Now, let’s take a look at how active participants are per hour:
hourly_steps_new <- hourly_steps %>%
group_by(ActivityHour) %>%
drop_na() %>%
summarise(mean_step_total = mean(StepTotal))
ggplot(data=hourly_steps_new, aes(x=ActivityHour, y=mean_step_total)) +
geom_bar(stat='identity', fill='blue') +
theme(axis.text.x = element_text(angle = 45)) +
labs(title="Average Step Total VS Time", x="Activity Hour", y="Average Step Total")
This visualization shows us that participants are active from 6 AM to 11 PM. Out of those times, participants are the most active from 4 PM to 10 PM. This could be due to participants working out after getting off of work. To encourage participants, Bellabeat can incorporate motivational messages to pop up as a notification during these times.
Next, we’ll look at the relationship between total minutes asleep and sedentary minutes.
ggplot(data=merged_data)+
geom_point(mapping=aes(x=TotalMinutesAsleep, y=SedentaryMinutes))+
geom_smooth(mapping=aes(x=TotalMinutesAsleep, y=SedentaryMinutes))+
labs(title="Minutes Asleep VS Sedentary Minutes Per User",
x="Total Minutes Asleep", y="Sedentary Minutes")

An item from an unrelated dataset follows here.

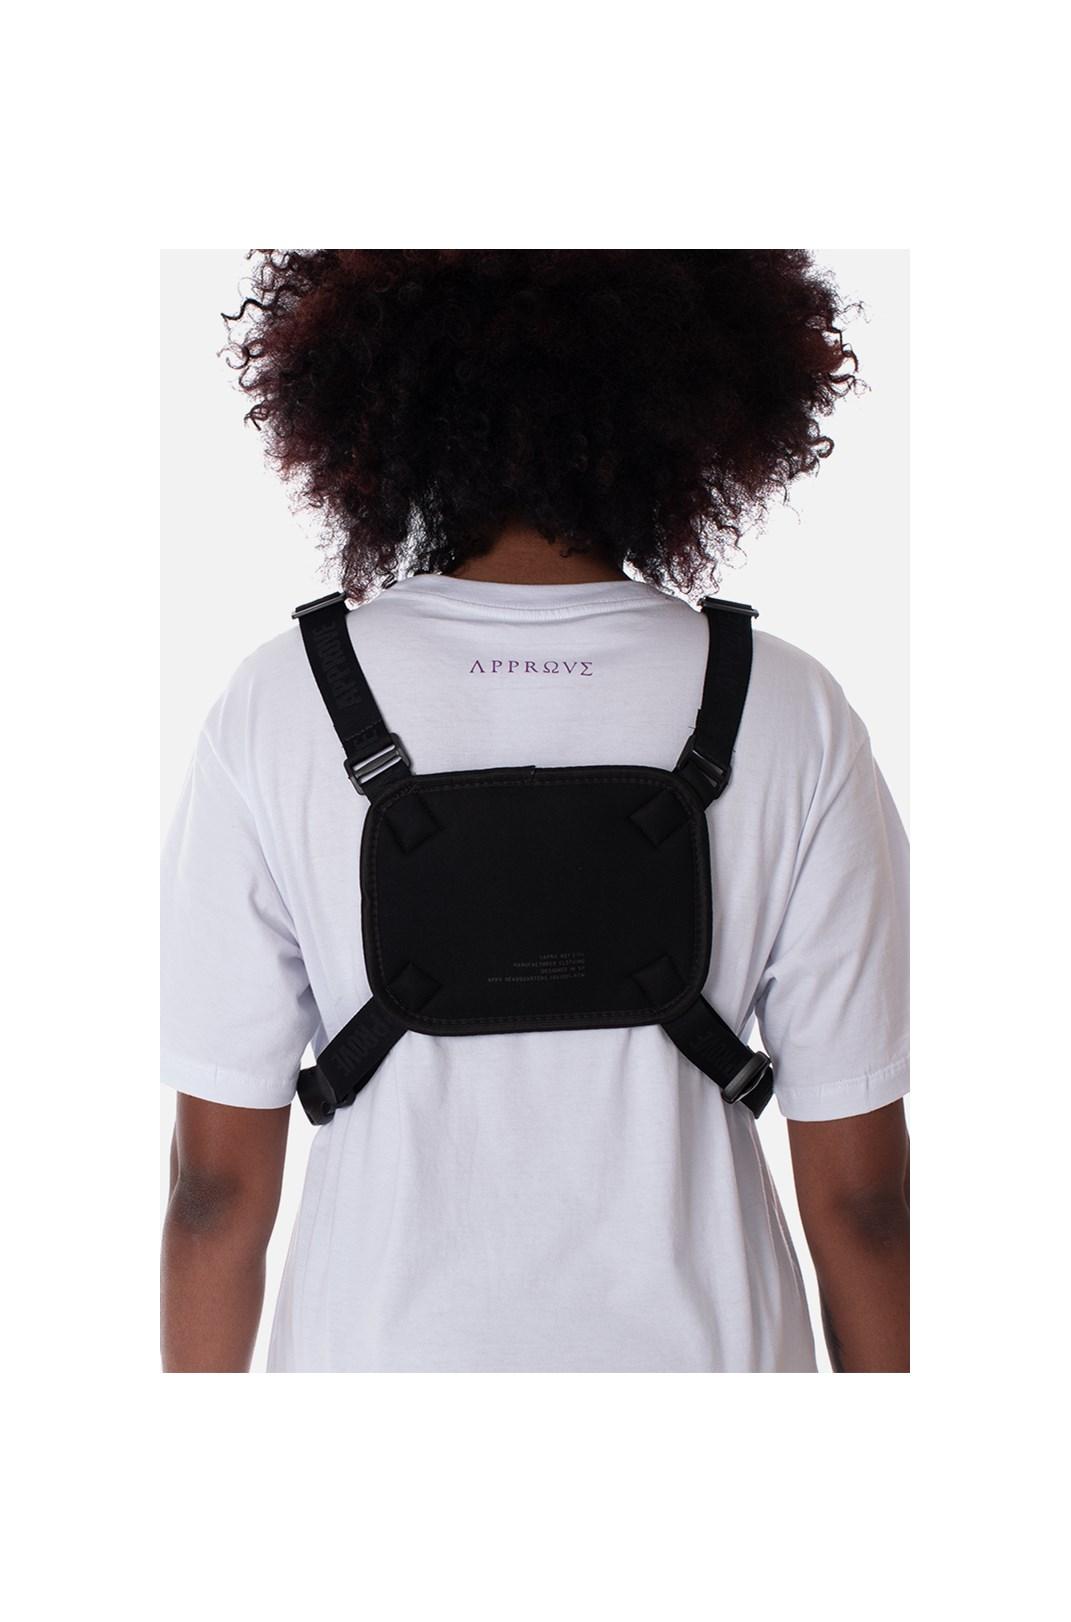 Chest Bag Approve X Gui Araujo

## `geom_smooth()` using method = 'loess' and formula 'y ~ x'
Here, we can see that there is a negative relationship between minutes asleep and sedentary minutes. Bellabeat could utilize push notifications to remind users to increase their activity throughout their day to help reduce sedentary time. This would help Bellabeat’s users improve their total sleep amount.

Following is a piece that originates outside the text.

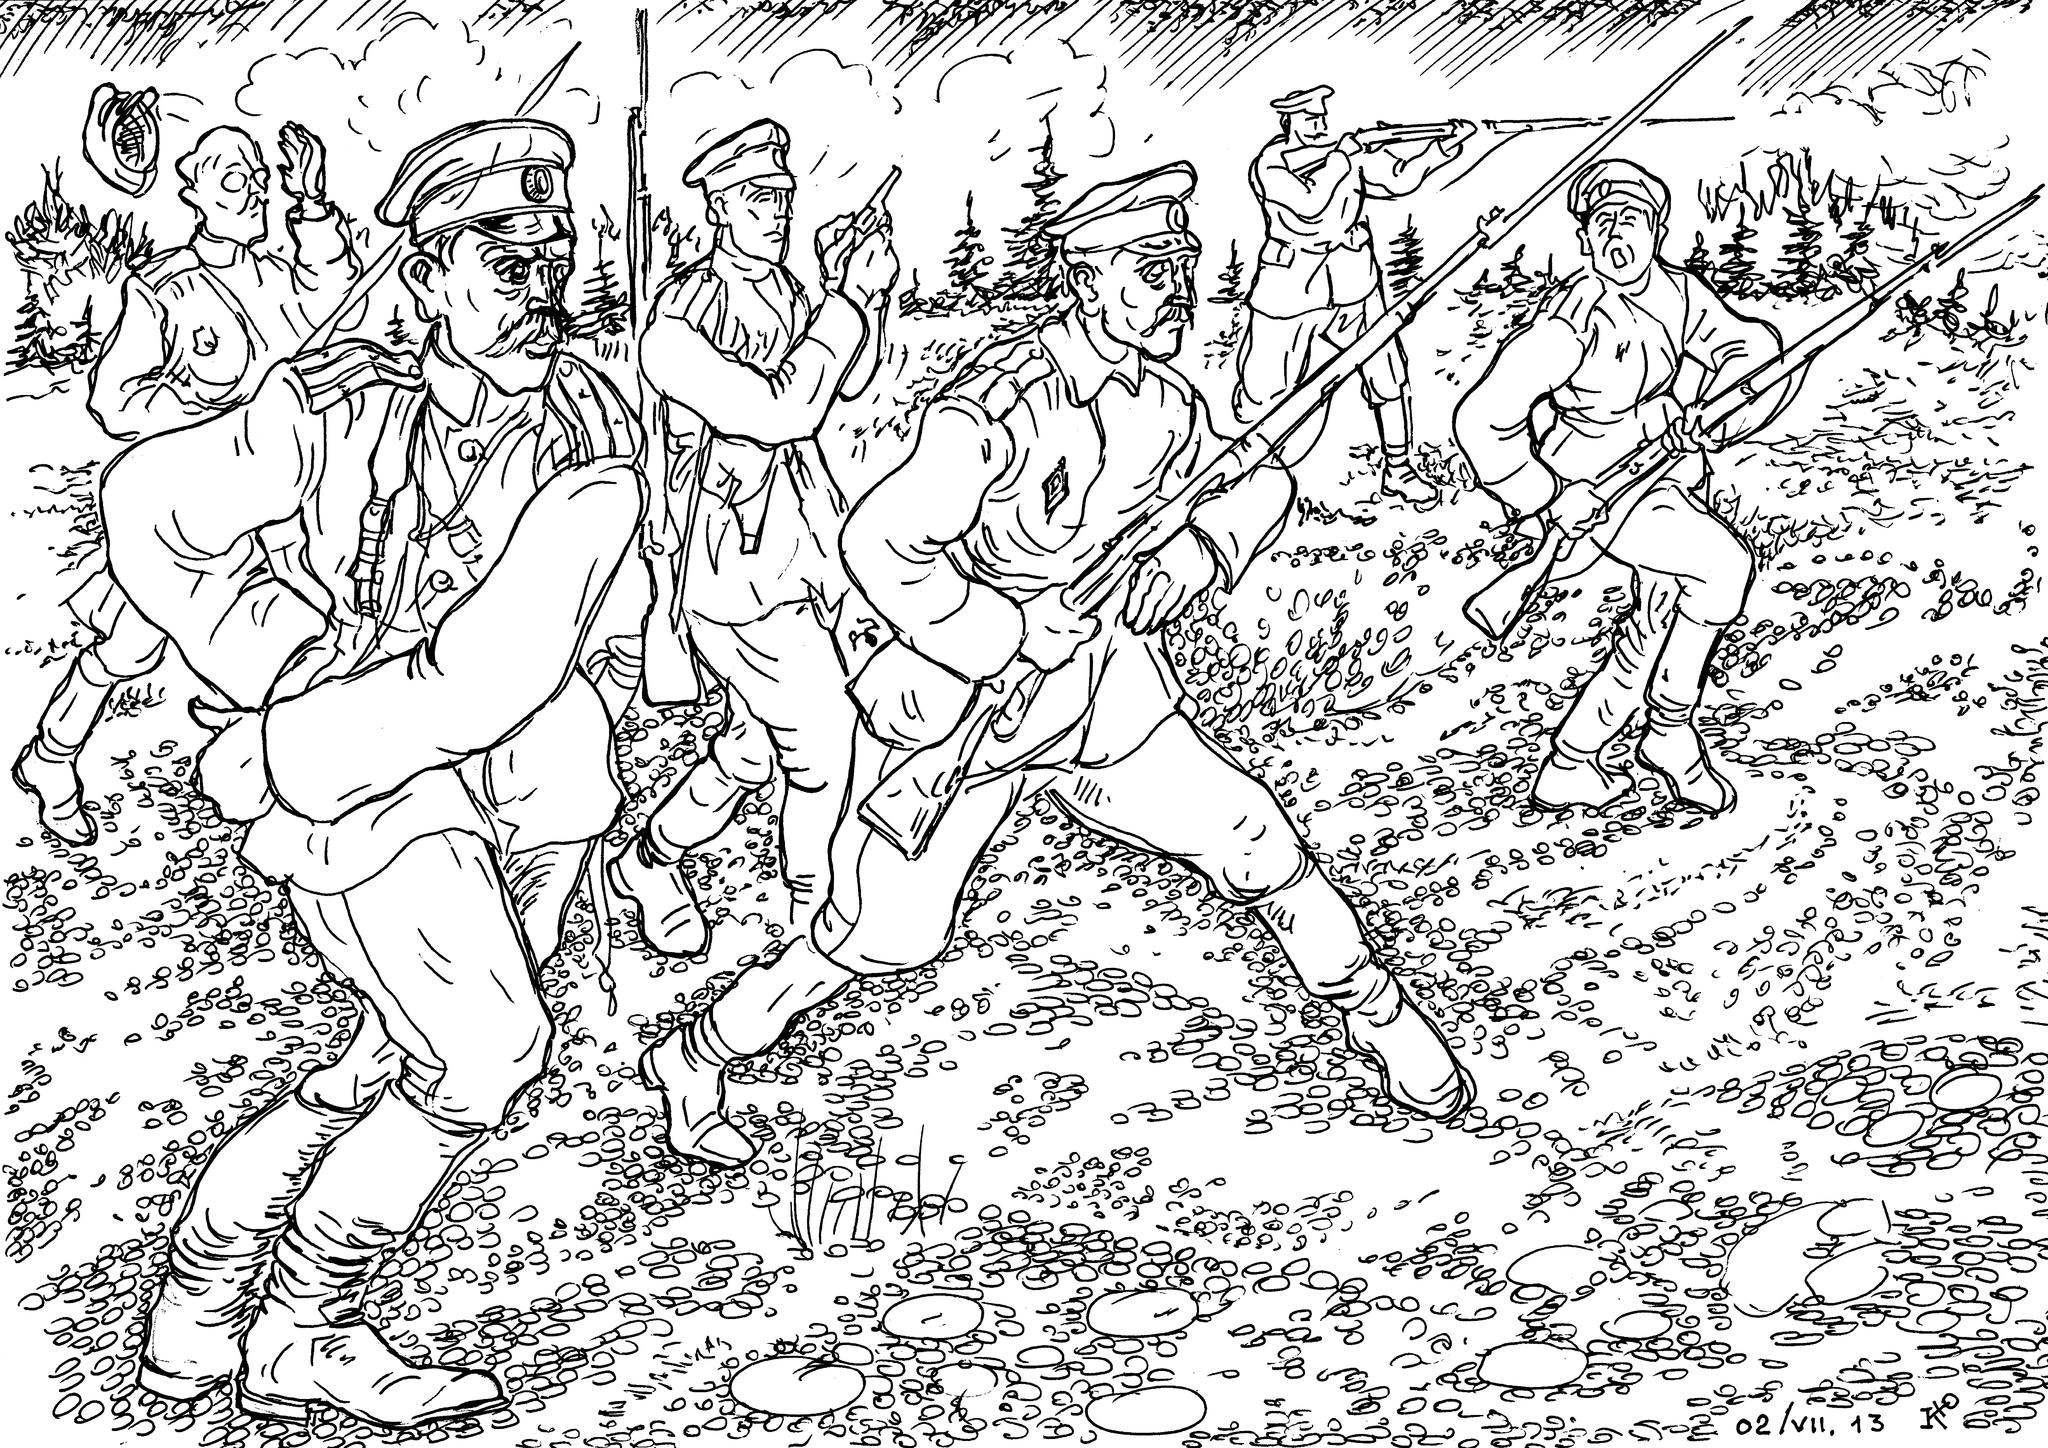 К концу войны, в рядах Русской армии насчитывалось только 4% офицеров с довоенным образованием

Note: I recommend gathering more data to support this insight since correlation does not mean causation.
By collecting data on activity, sleep, stress, and reproductive health, Bellabeat can help empower women through insights into their habits and their overall health.
After analyzing the FitBit Fitness Tracker Data, I discovered some insights that can help Bellabeat’s marketing strategy.
According to my analysis, Bellabeat’s target audience would be women who work day time, office jobs. These women likely work in offices, attend meetings and spend most of their working hours sitting. It can also be women who attend college during the day.
Add an extra feature such as sleep reminders to the sleep tracking portion of their app in order to help their users reach their sleep goals and the 7 hours or more, CDC sleep recommendation. This can help with overall productivity and health of the participants.
To encourage participants to continue being active, Bellabeat can incorporate motivational messages to pop up as a notification during the after work hours of 4 PM and 10 PM.
In order to reduce sedentary minutes (The average sedentary minutes are 991.2 minutes or 16.5 hours) Bellabeat could utilize push notification to remind users to increase their activity throughout their day. This would also help Bellabeat’s users improve their total sleep amount.
Another way to encourage users to continue to be active or to improve their active minutes, Bellabeat can educate them through “fun fact” notifications that list the many benefits of an active lifestyle. For example, according to the National Library of Medicine as few as approximately 4400 steps was significantly related to lower mortality rates compared to approximately 2700 steps.
image2
In order for Bellabeat to make an impact in the high-tech fitness industry, the Bellabeat app can not be like any another fitness tracking app. It has to make women feel like they have someone in their corner. Bellabeat’s app needs to helps empower women through motivational and educational daily or hourly notifications thus helping them transition to a healthy lifestyle and create healthy habits.
Thank you for taking the time to view my first ever capstone project using R programming.